▸ **Work item**: Set out word for word the line that contains "Nudist Pics Surf Board Up The Shores - 1" and each line after it, through the end of the data below, but exclude the pictures.

BEGIN Supplied material

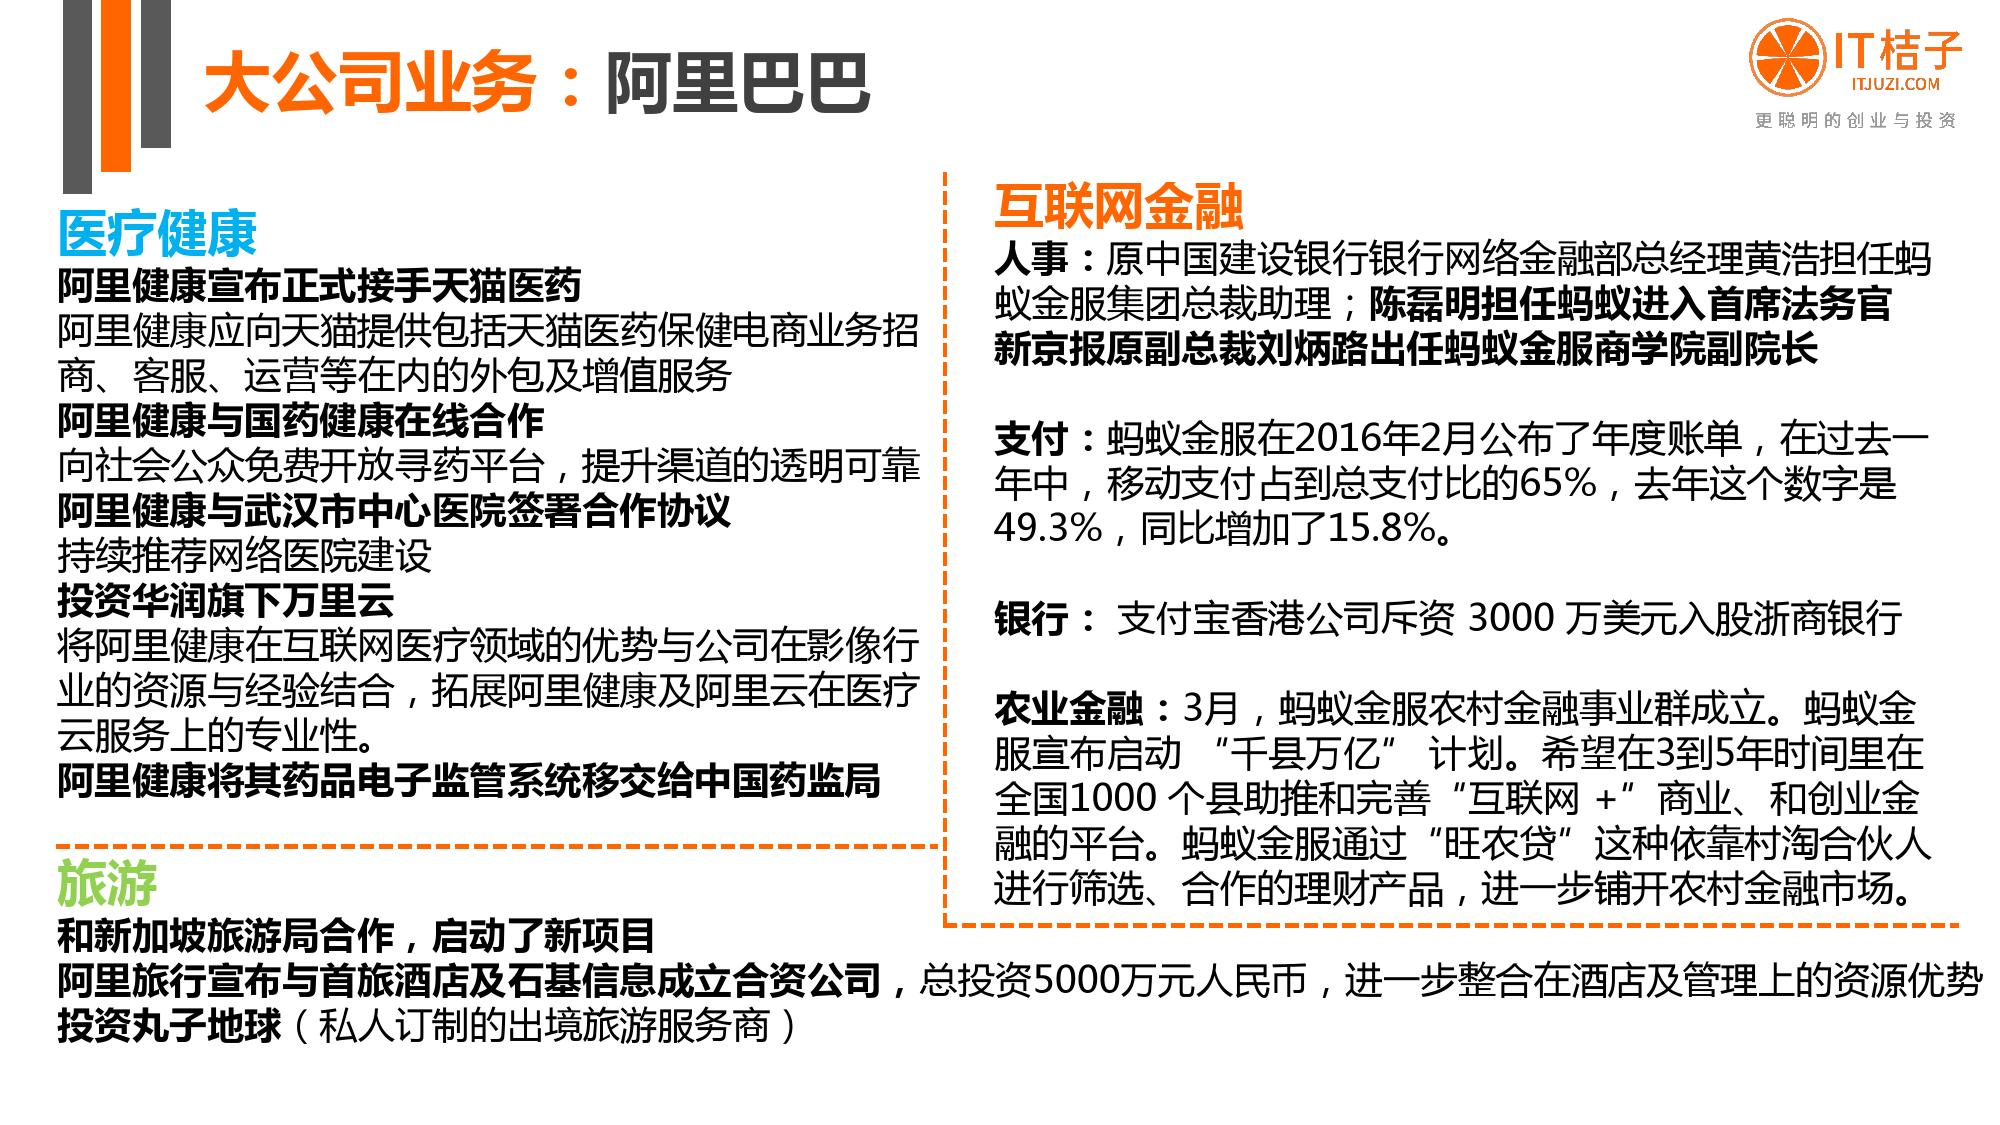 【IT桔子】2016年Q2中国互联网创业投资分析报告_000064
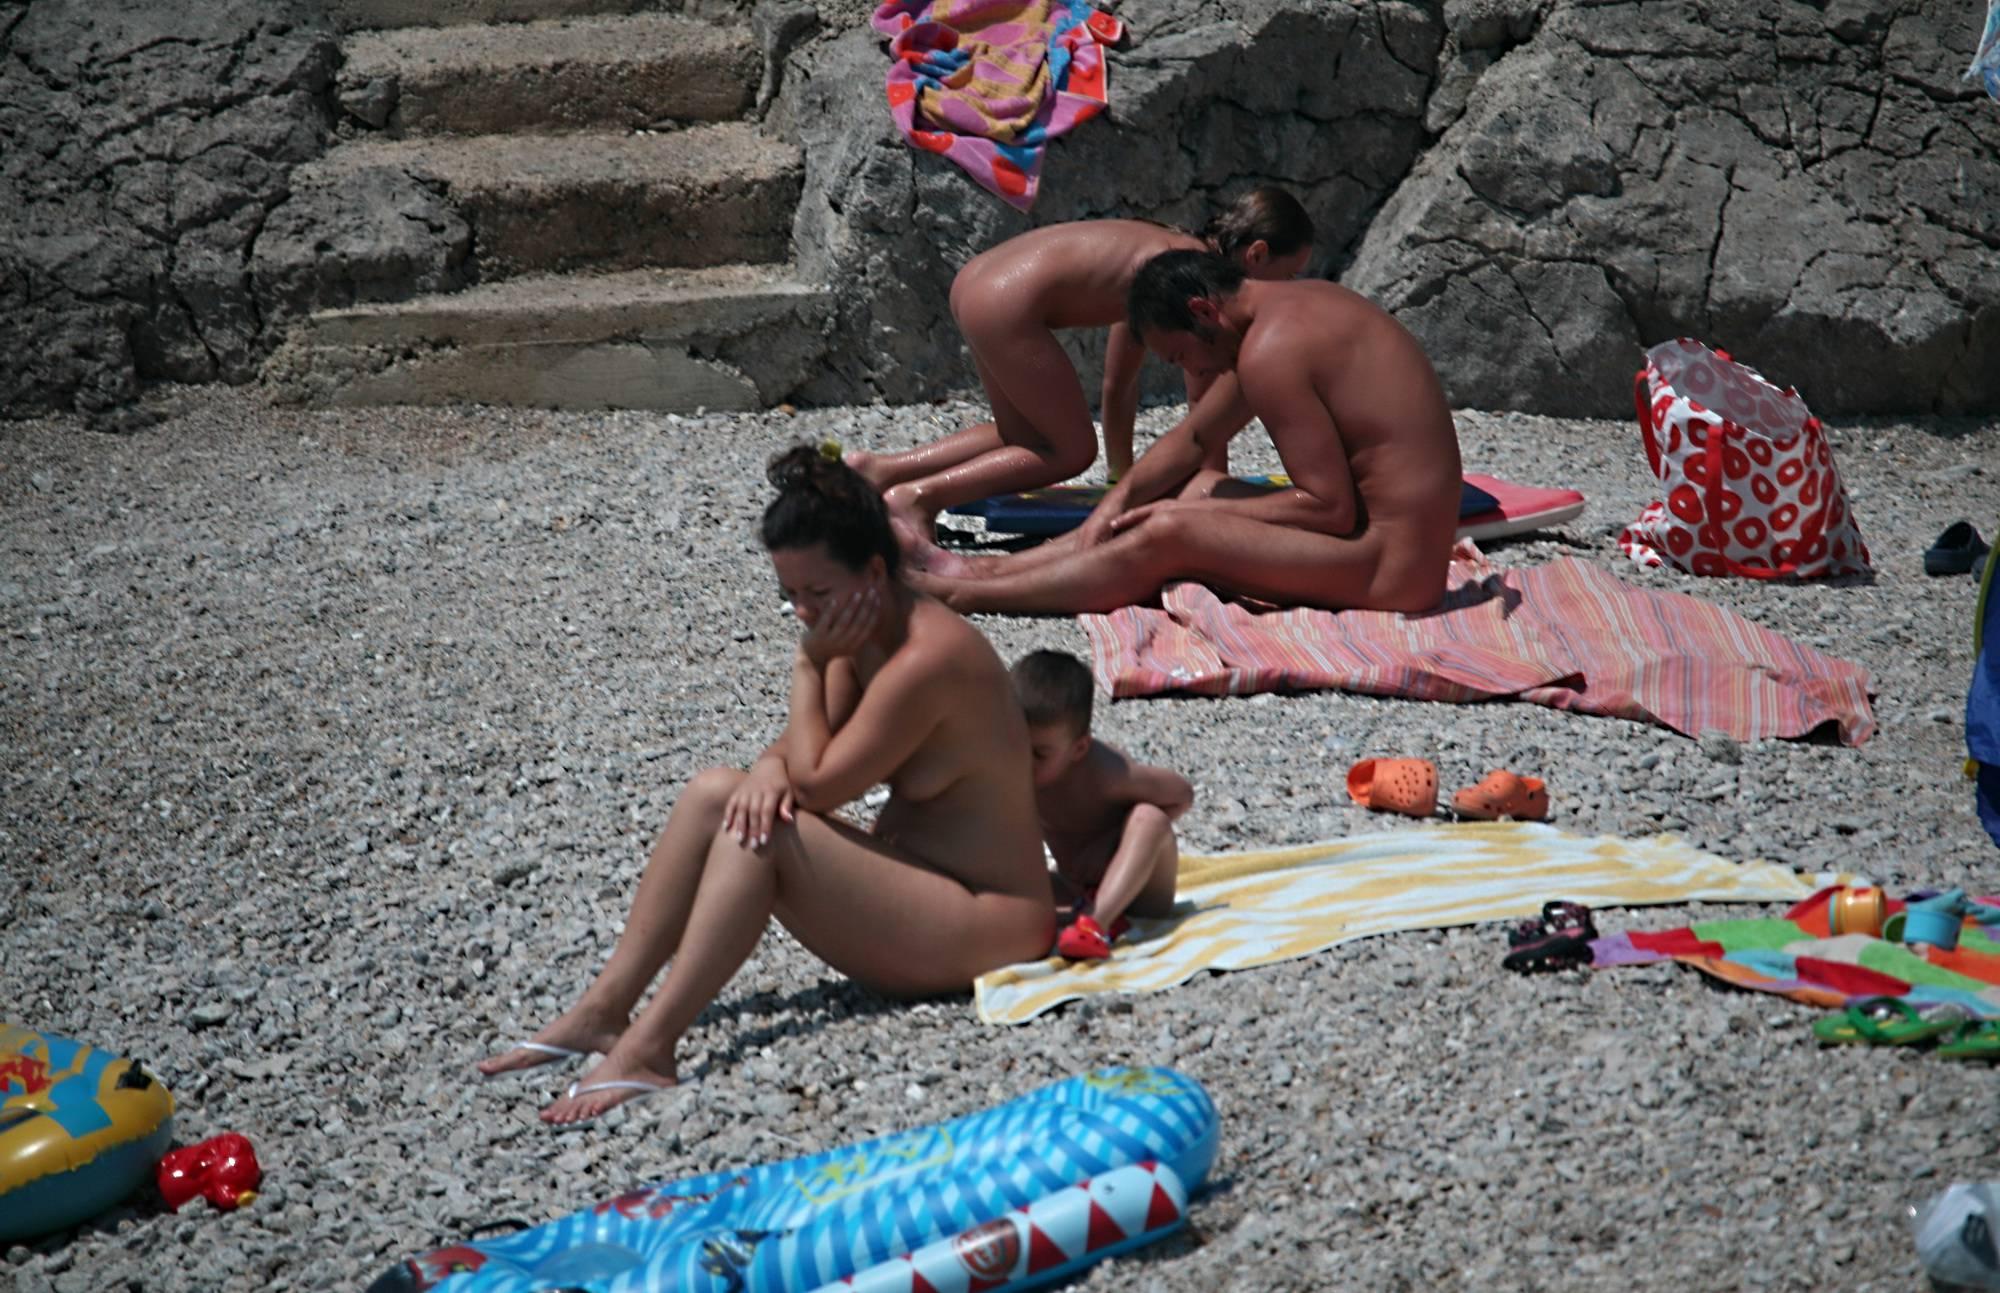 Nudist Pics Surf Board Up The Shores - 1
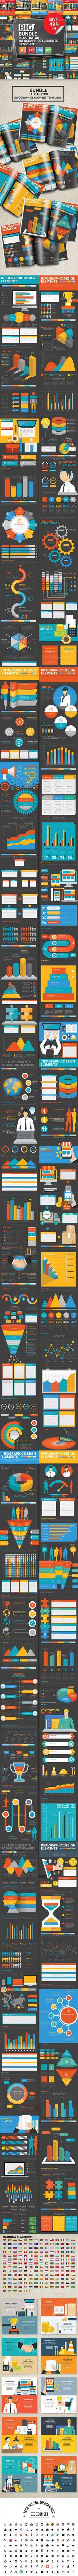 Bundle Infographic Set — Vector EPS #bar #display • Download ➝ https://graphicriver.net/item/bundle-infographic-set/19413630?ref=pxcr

END Supplied material

▸ **Response**:
 Nudist Pics Surf Board Up The Shores - 1
 Bundle Infographic Set — Vector EPS #bar #display • Download ➝ https://graphicriver.net/item/bundle-infographic-set/19413630?ref=pxcr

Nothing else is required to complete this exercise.